= What you are asked to do =
Copy every line of the data in which the word "color" occurs.

*****

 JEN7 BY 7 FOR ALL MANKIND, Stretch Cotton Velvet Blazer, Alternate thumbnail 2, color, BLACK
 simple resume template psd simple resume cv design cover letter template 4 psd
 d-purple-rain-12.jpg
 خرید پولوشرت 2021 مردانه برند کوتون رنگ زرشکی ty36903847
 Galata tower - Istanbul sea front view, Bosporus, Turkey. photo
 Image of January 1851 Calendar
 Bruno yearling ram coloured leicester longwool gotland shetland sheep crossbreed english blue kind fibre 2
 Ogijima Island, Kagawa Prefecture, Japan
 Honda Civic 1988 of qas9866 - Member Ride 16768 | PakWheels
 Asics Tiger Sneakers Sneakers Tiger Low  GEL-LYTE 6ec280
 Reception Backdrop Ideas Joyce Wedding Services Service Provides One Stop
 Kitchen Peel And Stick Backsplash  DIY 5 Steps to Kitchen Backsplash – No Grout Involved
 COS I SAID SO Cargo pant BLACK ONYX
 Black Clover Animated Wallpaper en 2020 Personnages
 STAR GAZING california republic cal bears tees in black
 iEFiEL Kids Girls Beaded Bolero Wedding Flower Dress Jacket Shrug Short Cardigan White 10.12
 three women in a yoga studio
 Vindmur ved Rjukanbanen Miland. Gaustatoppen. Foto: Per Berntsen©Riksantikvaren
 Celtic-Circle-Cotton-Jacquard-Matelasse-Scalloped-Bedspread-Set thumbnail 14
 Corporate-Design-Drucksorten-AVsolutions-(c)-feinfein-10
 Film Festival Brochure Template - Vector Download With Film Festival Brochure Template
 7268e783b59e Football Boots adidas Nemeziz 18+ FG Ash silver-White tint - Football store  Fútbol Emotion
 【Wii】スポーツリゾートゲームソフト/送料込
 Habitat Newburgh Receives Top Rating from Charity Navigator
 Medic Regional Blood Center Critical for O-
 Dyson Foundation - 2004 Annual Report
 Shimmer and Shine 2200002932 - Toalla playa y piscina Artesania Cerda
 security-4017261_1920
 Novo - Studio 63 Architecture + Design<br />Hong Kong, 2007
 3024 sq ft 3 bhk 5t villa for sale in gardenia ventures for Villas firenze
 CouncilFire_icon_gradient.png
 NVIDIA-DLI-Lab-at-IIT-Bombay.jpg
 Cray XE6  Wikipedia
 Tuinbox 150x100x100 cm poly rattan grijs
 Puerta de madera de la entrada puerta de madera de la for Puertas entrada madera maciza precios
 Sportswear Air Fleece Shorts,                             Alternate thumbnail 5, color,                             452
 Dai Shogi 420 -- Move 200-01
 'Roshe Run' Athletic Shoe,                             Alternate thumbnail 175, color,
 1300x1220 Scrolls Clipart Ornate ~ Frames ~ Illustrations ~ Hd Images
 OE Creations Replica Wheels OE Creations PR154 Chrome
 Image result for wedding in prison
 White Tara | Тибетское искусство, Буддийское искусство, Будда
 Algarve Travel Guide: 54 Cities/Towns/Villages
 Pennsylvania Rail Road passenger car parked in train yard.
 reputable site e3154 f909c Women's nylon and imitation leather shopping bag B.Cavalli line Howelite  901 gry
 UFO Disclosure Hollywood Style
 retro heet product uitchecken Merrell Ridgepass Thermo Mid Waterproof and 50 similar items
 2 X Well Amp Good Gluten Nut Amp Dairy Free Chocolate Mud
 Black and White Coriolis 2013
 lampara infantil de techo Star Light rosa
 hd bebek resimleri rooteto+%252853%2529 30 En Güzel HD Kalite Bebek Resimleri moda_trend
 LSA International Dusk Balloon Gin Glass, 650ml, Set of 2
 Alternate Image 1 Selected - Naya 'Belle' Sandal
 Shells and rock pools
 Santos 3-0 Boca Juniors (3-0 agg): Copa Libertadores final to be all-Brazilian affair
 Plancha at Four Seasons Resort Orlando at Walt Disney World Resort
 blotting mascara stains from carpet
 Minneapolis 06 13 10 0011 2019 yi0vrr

*****

= Answer to the problem =
 JEN7 BY 7 FOR ALL MANKIND, Stretch Cotton Velvet Blazer, Alternate thumbnail 2, color, BLACK
 Sportswear Air Fleece Shorts,                             Alternate thumbnail 5, color,                             452
 'Roshe Run' Athletic Shoe,                             Alternate thumbnail 175, color,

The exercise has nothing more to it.